Any story that opens with a line like that has _got_ to be a winner.


----------



## egpenny (Jul 1, 2014)

Jaeger Logan punched his office wall, creating a hole that close to the hole he'd fisted into the wall earlier that day.


----------



## thepancreas11 (Jul 14, 2014)

"Tell me, Simon: what is it like to be human?"

and

The words, "You're going to live," normally get more of a rise out of people than they did with Sam Bentley.


----------



## JimJanuary (Jul 14, 2014)

The branches of sakura swayed with each pulse of the wind.


----------



## thepancreas11 (Aug 10, 2014)

If I had a nickel for every time I heard, "You'll never make it," I'd have $24.48.


----------



## Ginger2 (Aug 10, 2014)

This is the opening line from a Halloween feature I wrote a couple years ago.  (_LeRoy Independent_ News)

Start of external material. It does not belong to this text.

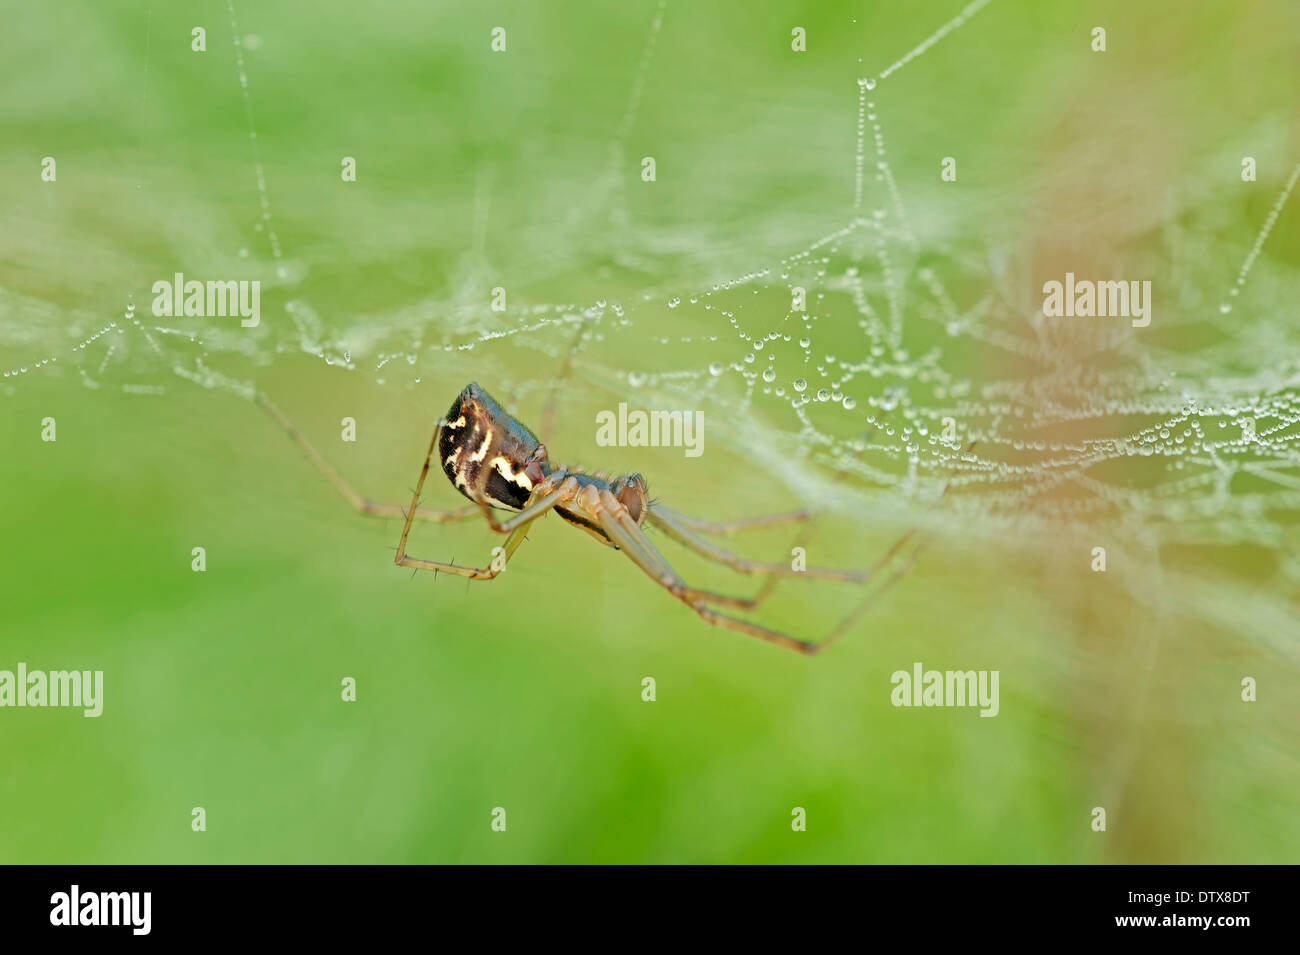 Sheet-Web Spider - Stock Image

After a devastating car accident and a near death experience, a young Minnesota woman fell under attack by evil spirits, suffering from headaches and  “seeing things."


----------



## J Anfinson (Aug 11, 2014)

"I never used to think that the dead could talk, but that was before I became one of them."


----------



## midnightpoet (Aug 11, 2014)

The old blind man was sitting cross-legged on the corner, strumming his guitar, when he heard the rattle of gunfire in the street.


----------



## ArrowInTheBowOfTheLord (Nov 4, 2014)

The stars were washed away by the storm clouds and the neon.


----------



## TKent (Nov 4, 2014)

I'm Celeste, your redemption advisor.


----------



## Kevin (Nov 4, 2014)

I gave two shits...


----------



## LeeC (Nov 4, 2014)

Notes from a story I may someday get to:


She appeared through the smokey haze of the gin mill, floating on shapely legs leading to the prize.


----------



## midnightpoet (Nov 6, 2014)

"He looked on the face of death and realized he was staring into a mirror."


----------



## Sleepwriter (Nov 12, 2014)

Susan was a cold-heart bitch, but she threw the best parties.  Not because she enjoyed them or even liked having people around her, but because she enjoyed hearing people talk about how incredible the party was.


----------



## Bishop (Nov 20, 2014)

Jake Pless had lived on Orvan 4 for two years, and liked it because he didn’t have to wear shoes.


----------



## J Anfinson (Nov 20, 2014)

I knew it was going to be a bad morning when I woke to find someone had cut my throat.


----------



## Ascalaon (Nov 25, 2014)

Only fools breed carnivorous cows, and I was one helluva fool.


----------



## Nemesis (Nov 28, 2014)

The table lamp beside my bed was on when I woke up, and I was concerned by the fact that it wasn't plugged in and didn't run off of batteries either.


----------



## midnightpoet (Nov 28, 2014)

"The old man had peed on himself, third time this morning, and Rachel was having her second homicidal thought of the day."


----------



## S.T. Ranger (Dec 10, 2014)

The choices were clear: run, kill, or just go ahead and accept the cup of coffee. I don't know, maybe I do have an anger management problem...


----------



## Nemesis (Dec 10, 2014)

I eyed her through the scope and imagined, not for the first time that day, pulling the trigger, but her eyes lifted and bore into mine until a I cursed, lowered the weapon, and wondered how she knew I was there.


----------



## Terry D (Dec 10, 2014)

My story is for the world, but this first sentence, my first thought, is for her.


----------



## J Anfinson (Dec 10, 2014)

I slipped the noose around my neck and wondered, not for the first time, if what I was doing would kill me.


----------



## docshoog (Dec 11, 2014)

You bastard!!!  You've put pepper on the toilet paper again!!!


----------



## macytech1 (Dec 24, 2014)

How many times can you wish on a star


----------



## midnightpoet (Dec 25, 2014)

A sting ray swam by my left ear, which wouldn't have been strange except I wasn't underwater.


----------



## escorial (Dec 25, 2014)

i can't go on but


----------



## J Anfinson (Dec 25, 2014)

It was supposed to be silent in the house the night before Christmas, but Santa tripped over something in the living room; the jolly fat man filling the air with colorful language as glass shattered and the dogs began barking.


----------



## Crodentia (Dec 28, 2014)

She was curves and glamor, dressed in silk, with a body that smelled like sweet sin_._


----------



## Ephemeral_One (Jan 4, 2015)

Guns, the most useless invention of mankind.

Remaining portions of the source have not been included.